Anyways, more photos can be seen of the event here on the PSLCS blog. We’re planning a Bastille Day Croquet picnic as our next event, probably in July. Definitely looking forward to making an outfit for that!

3 thoughts on “The Lady Mary Dress & the Titanic Tea

  1. In my opinion, the event was fascinating and upsetting to pretty much everyone in the western world because it was a harsh reminder that technology and money does not insulate us/ people from danger, harm, or death. The focus of rememberence in this event is on the wealthier passengers of the ship and how their privileged lives were interrupted, with the death of the majority 3rd class passengers as a numeric afterthought. People continue to remember this event because of how it affected the elite.
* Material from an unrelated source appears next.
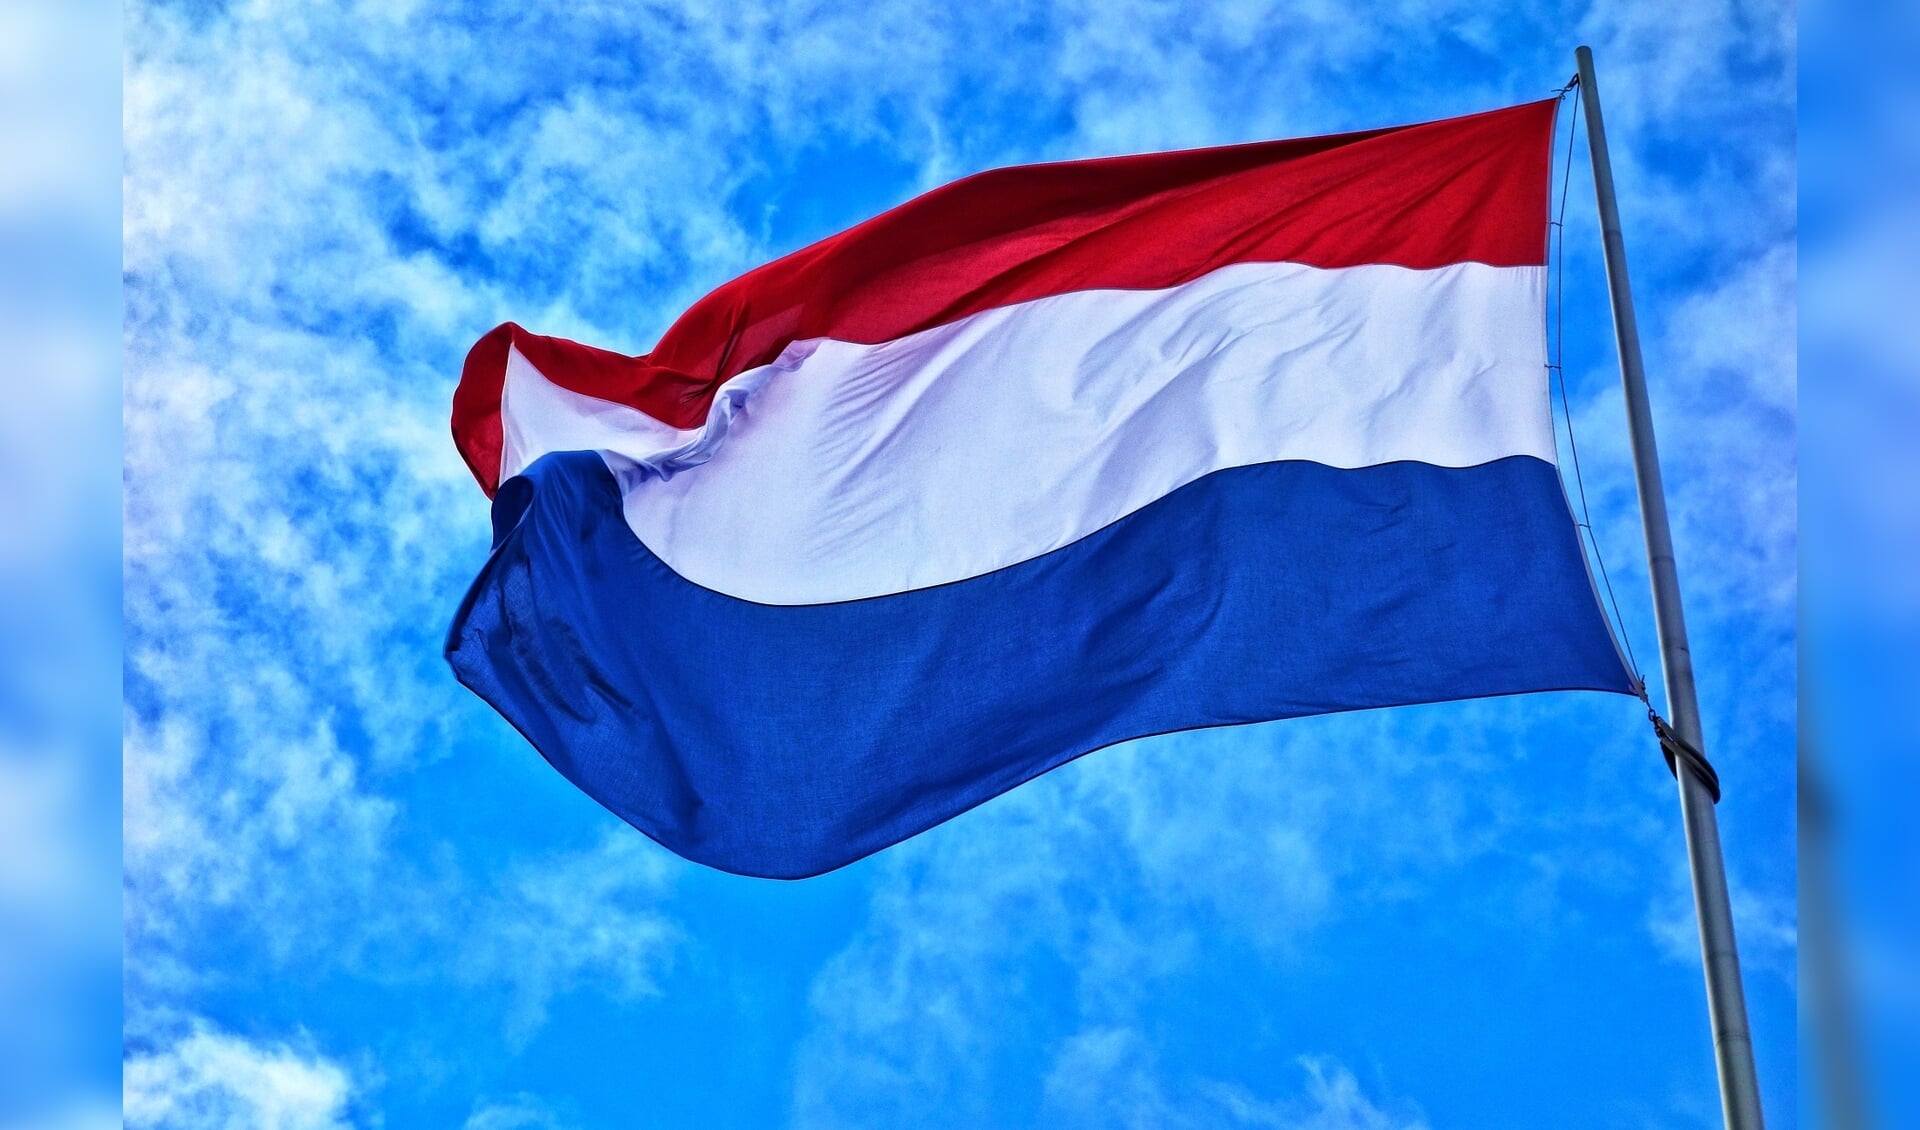 De Nederlandse vlag.

    In contrast the Triangle Shirtwaist Fire, which occurred one year earlier, is largely forgotten by the popular consciousness. At the time this tragedy, which played out in the middle of New York City and was witnessed by many citizens, is said to have thrown the City into a state of emotional shock and depression. While this event was very important to the elevation of both women’s rights, worker’s rights, and building safety issues in its day, it is not remembered with anywhere near as much zeal as the Titanic because the Triangle Shirtwaist Fire affected only poor working women.